November 21, 2024
andrea chamberlain & company

Whether the flashy conventions of the Great White Way cause your heart to sing or groan, The Drowsy Chaperone uses the guise of musical theatre to present a comedy that overtly makes fun of its own stereotypes and dose of extra cheese. The making of the musical has become part of Broadway folklore as in its original form it was staged as a wedding present for Second City performers Bob Martin and Janet Van de Graaff, naming the two lead characters after the bride and groom. Seeing its potential, Bob Martin immediately became involved in creating this pastiche on musicals of the 1920s that they all loved. Martin’s role developed into the show’s narrator Man in Chair, a role he plays with absolute perfection and charming candor in the DanCap production, having played the role on Broadway (he won a 2006 Tony Award for the book of the show), at the Toronto Fringe, Theatre Passe Muraille and the Winter Garden Theatre. Martin’s dialogue with the audience is current, witty and appears totally spontaneous as though the entire theatre has been invited into his flat to partake in a ritual envisioning of his favourite musical. Within seconds, Martin has captivated the theatre and drawn it seamlessly into his imagination.

Man in Chair’s comedy exists on two levels. For those in the audience who sit on their own chairs with cast albums, tap dancers and monkeys on pedestals, each passionate burst of emotion and excitement resonates with charming-and sometimes sheepish- truth. For those who don’t identify with this erratic neurotic man, his antics are so hilarious that a worn-out CD of Cats is not required to “get it”.

Stepping into the role made famous by Tony award winner Sutton Foster is Andrea Chamberlain, who does not disappoint as Janet Van De Graaff. She captures with grace and poise the 1920s ingénue whose charm captures the sensual duality of the innocent girl next door and the daring, cart-wheeling, high kicking “modern woman.” Nancy Opel plays The Drowsy Chaperone fraught with delicious tributes to Merman, Garland and Minnelli, as she weaves layers in her performance of the distinguished Broadway actress masquerading as a role she loosely plays in a persona on a stage in a musical. Other memorable performances include the brilliant Vaudevillian performances by the identical duo Paul and Peter Riopelle and the dithering, spittaking Mrs. Tottendale played by the brilliantly funny Georgia Engel.

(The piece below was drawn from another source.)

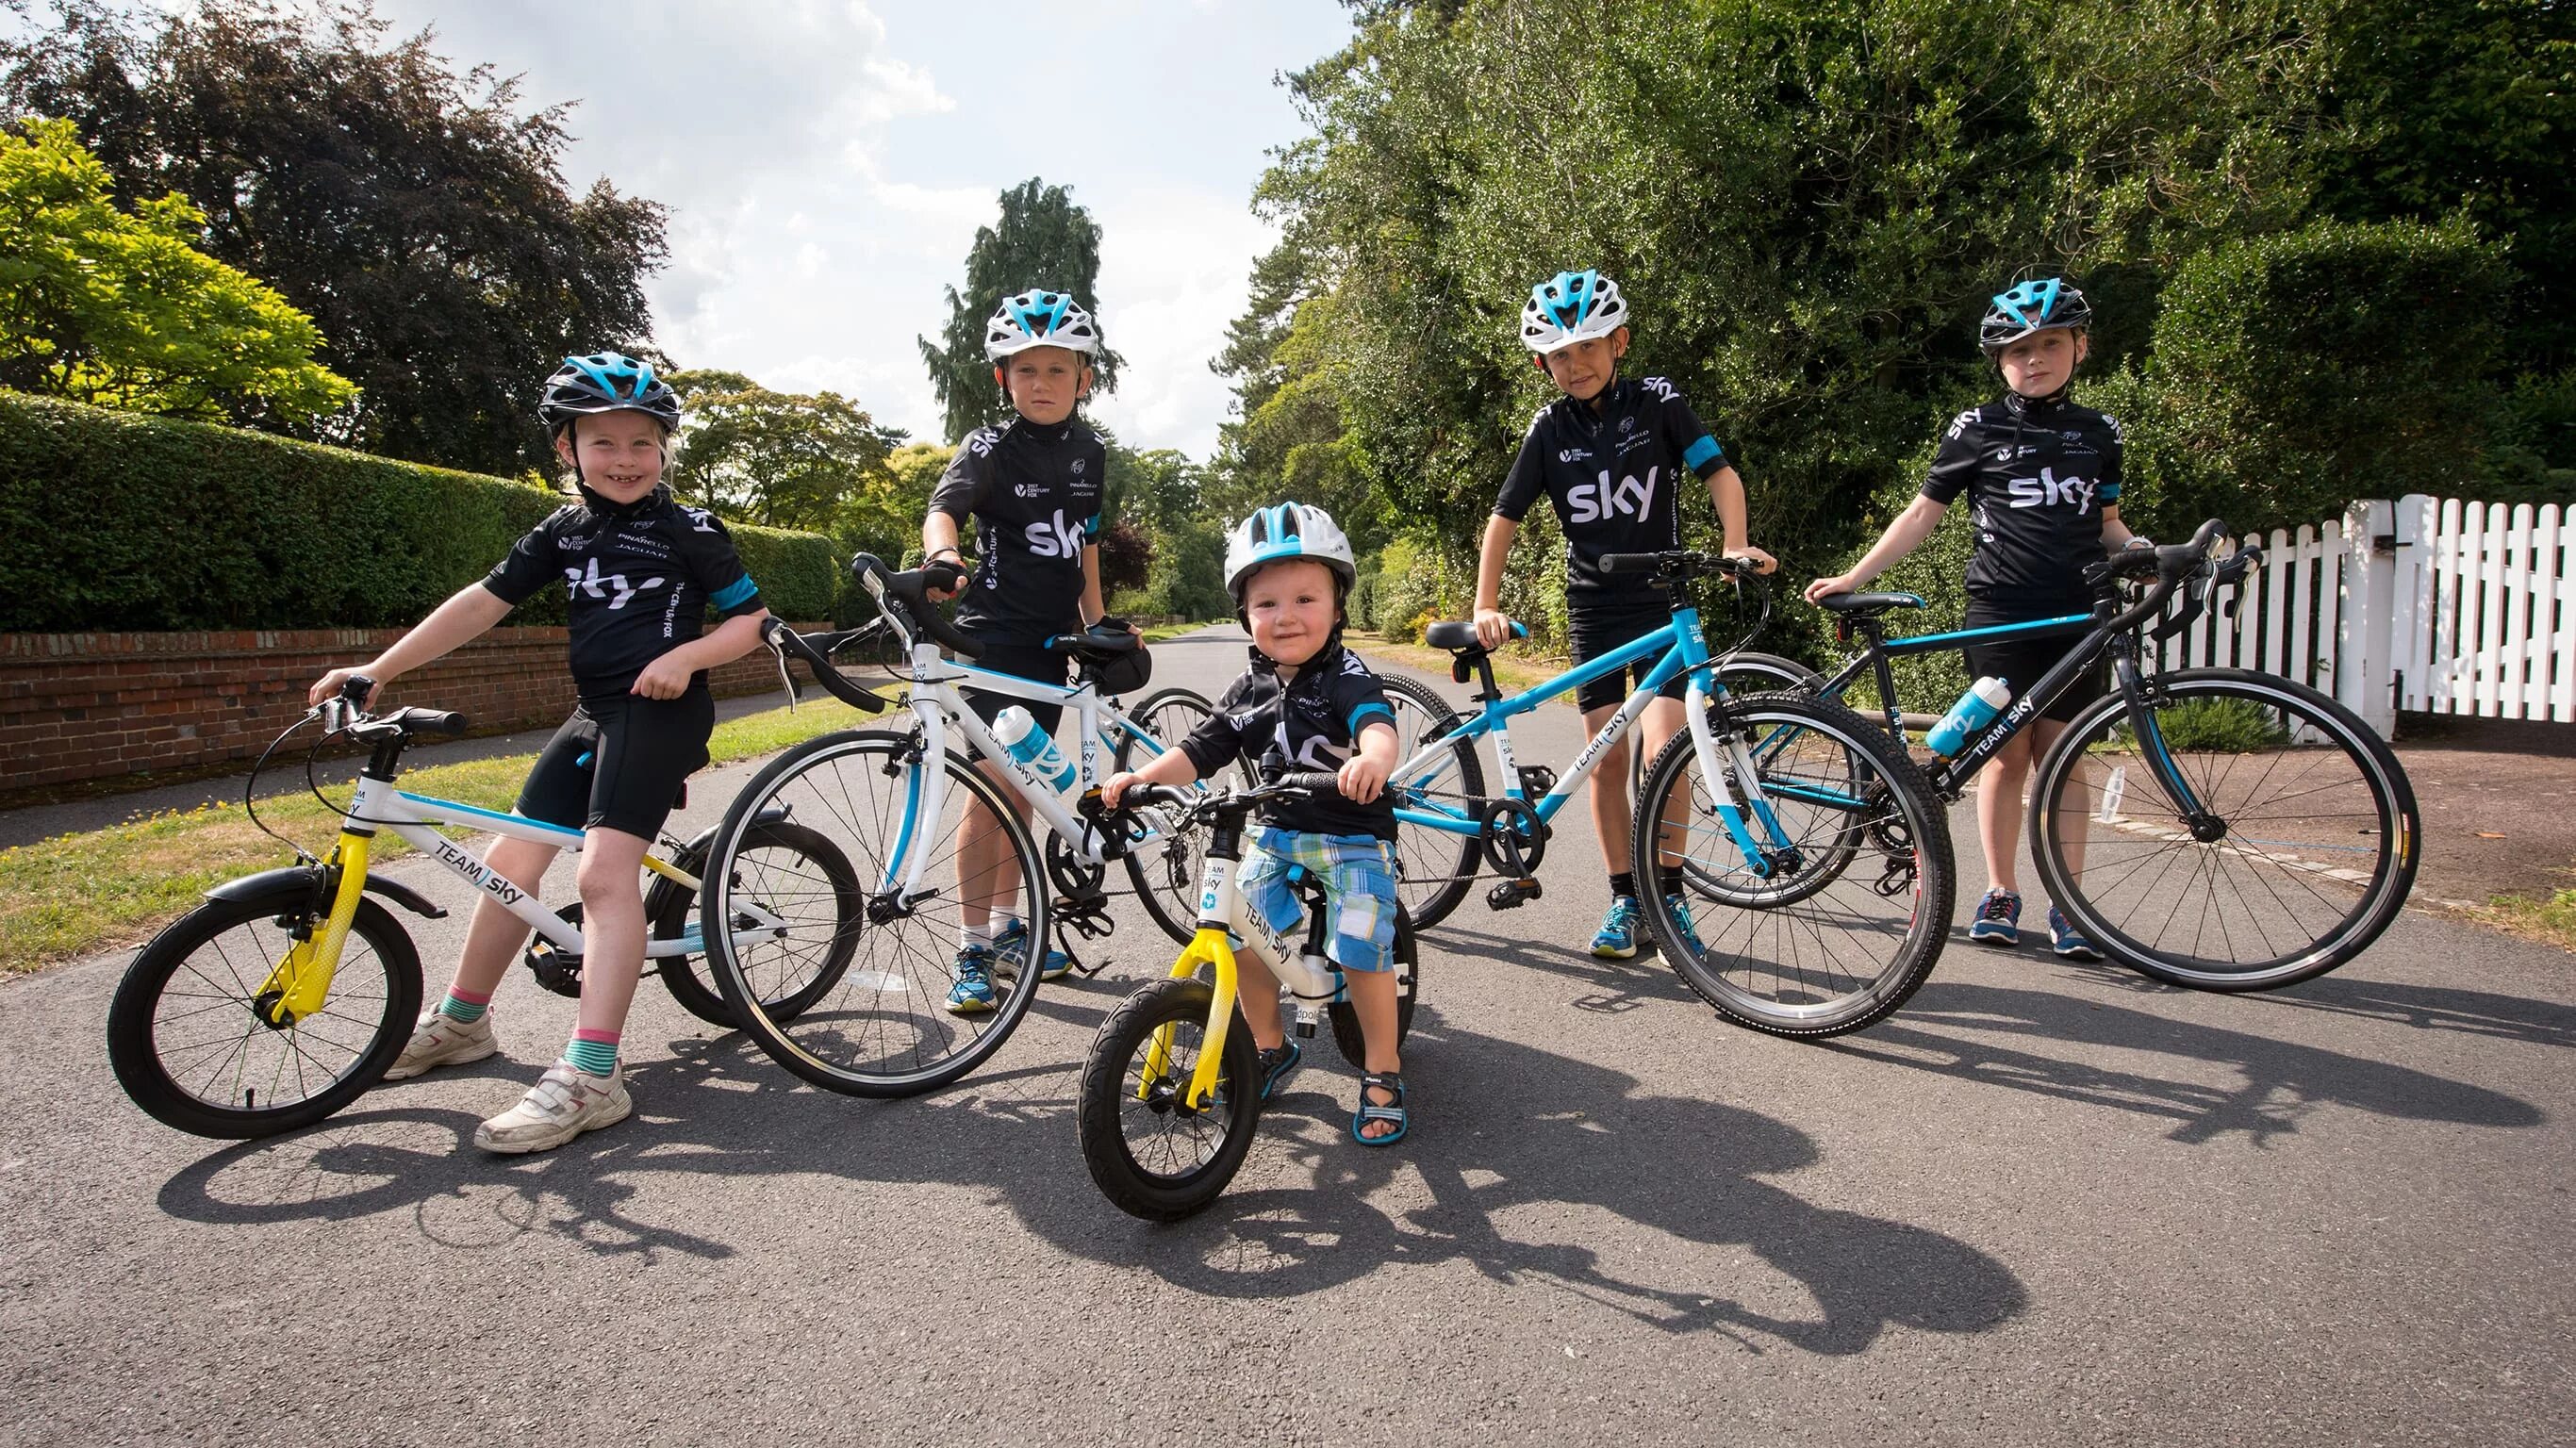 Детского велосипеда колесо 8. Frog Team Sky 52 велосипед. Велоспорт для детей. Дети с велосипедом. Велосипед для велоспорта.
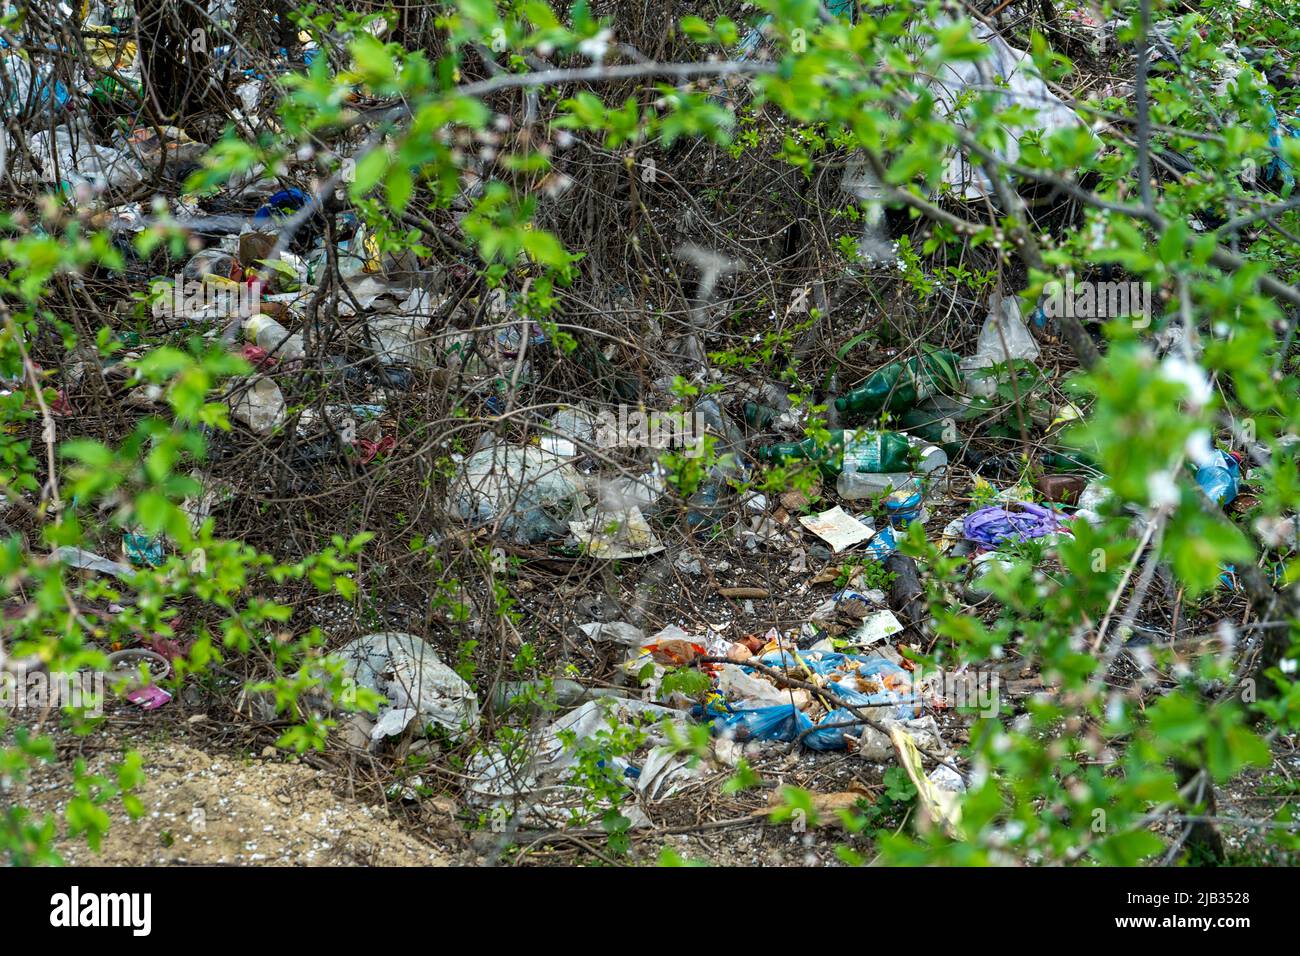 Rifiuti di plastica sparsi in una foresta verde tra gli arbusti primaverili, inquinamento ambientale Foto Stock

The Drowsy Chaperone has everything a good musical glorifies, exactly what real life can’t provide, a world filled with music, dance, and joy where things just seem to fall into place. Man in Chair, like the director’s commentary on a DVD, undercuts it- injecting the perfect amount of cynicism to thrust the show into today’s jaded world, while still keeping the charm of the perfect happy ending we’re still longing for in reality.